I also use the atkins site www.atkins.com to keep track of other atkins friends and get new recipes and ideas..post my carbs on there daily as well.

I have had a lot of problems with my vision from high blood sugar, even double vision, but today it was pretty good..I've gotten my BS down some but not to where I'd like it..down 10 pounds..staying under 20 net carbs and making sure to get a lot of the foundation vegetables..enjoying skillet pizza and chip free taco salad this week and it helped a lot to have some really delicious food to eat....Brenda


----------



## HilltopDaisy (Feb 26, 2003)

I never thought I'd say this, but "I'm interested in hearing more about counting carbs".

The reason is this ~ I've been a vegetarian most of my life. I've always claimed to eat a healthy diet of whole grains, fresh veggies, fruit, etc. It's true, yet I've gained 5-6 pounds per year for the last 12 years. I'm going to be 53 next month, and I'm determined to make whatever changes necessary to halt the weight gain, and take off 60 pounds. I don't care how long it takes, I'm tired of feeling so crappy.

So, it's obvious I need to look at my carbs. I'm willing to cut out bread, rice, pasta and sugar if it will really help. I am not willing to eat meat. I will eat eggs, cheese, and some fish. I will start to walk as exercise. 

Thanks for this thread. I think I have a lot to learn!


----------



## Elffriend (Mar 2, 2003)

Daisy, add potatoes to the list of things you're willing to cut and you'll be off to a good start. 

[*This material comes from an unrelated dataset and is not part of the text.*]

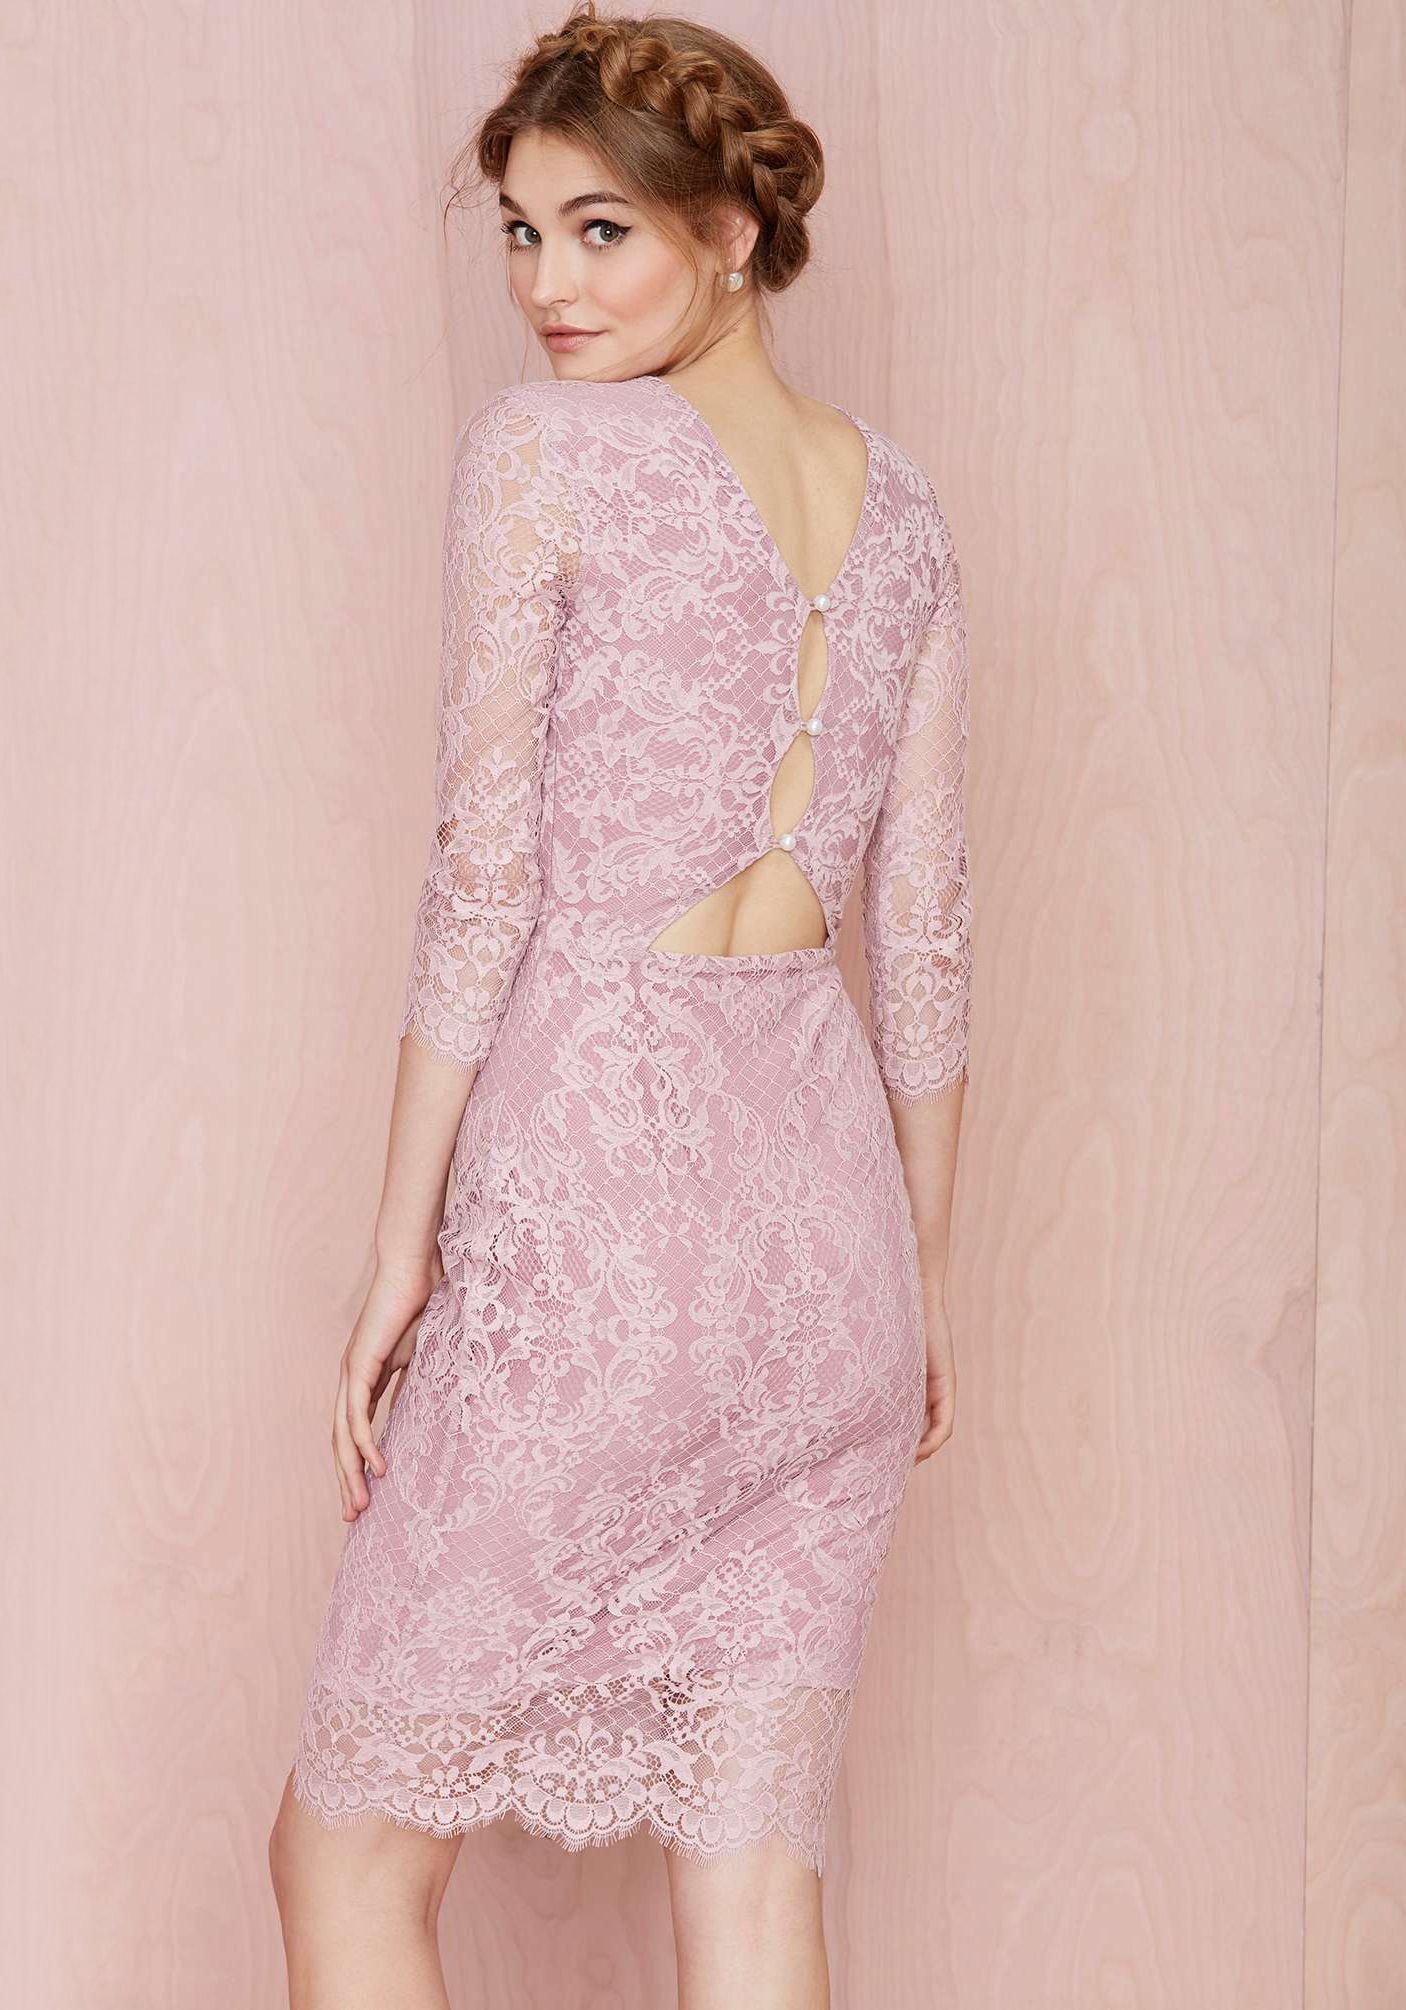 Vestido encaje manga larga-violeta 17.34 | Cosas para comprar ...

A program like Atkins is fairly strict with what you can eat for the first couple of weeks, but there are other low carb programs out there. I would recommend going here:
http://www.lowcarb.ca/atkins-diet-and-low-carb-plans/

They list several different low carb plans so you can see which might be the best fit for you. The support forums on that site are also pretty good. If you go to an Atkins only site sometimes people on the support forums only want to hear from low-carbers who are doing a specific version of Atkins. That is not true for the above site.


----------



## HilltopDaisy (Feb 26, 2003)

Thanks Elffriend, I'll check it out. I went to the library today and came home with an Atkins book. I surfed around and found a lot of info on vegetarians and low carb eating, too.


----------



## ronbre (Apr 26, 2009)

If you buy the new Atkins book (available everywhere) you will see that they have not only vegetarian and vegan plans for atkins and explain it very very much in depth in the NEW book. The New Atkins for a New You. Also information is available at www.atkins.com but the book will help you so much if you are thinking of losing weight as a vegetarian or vegan.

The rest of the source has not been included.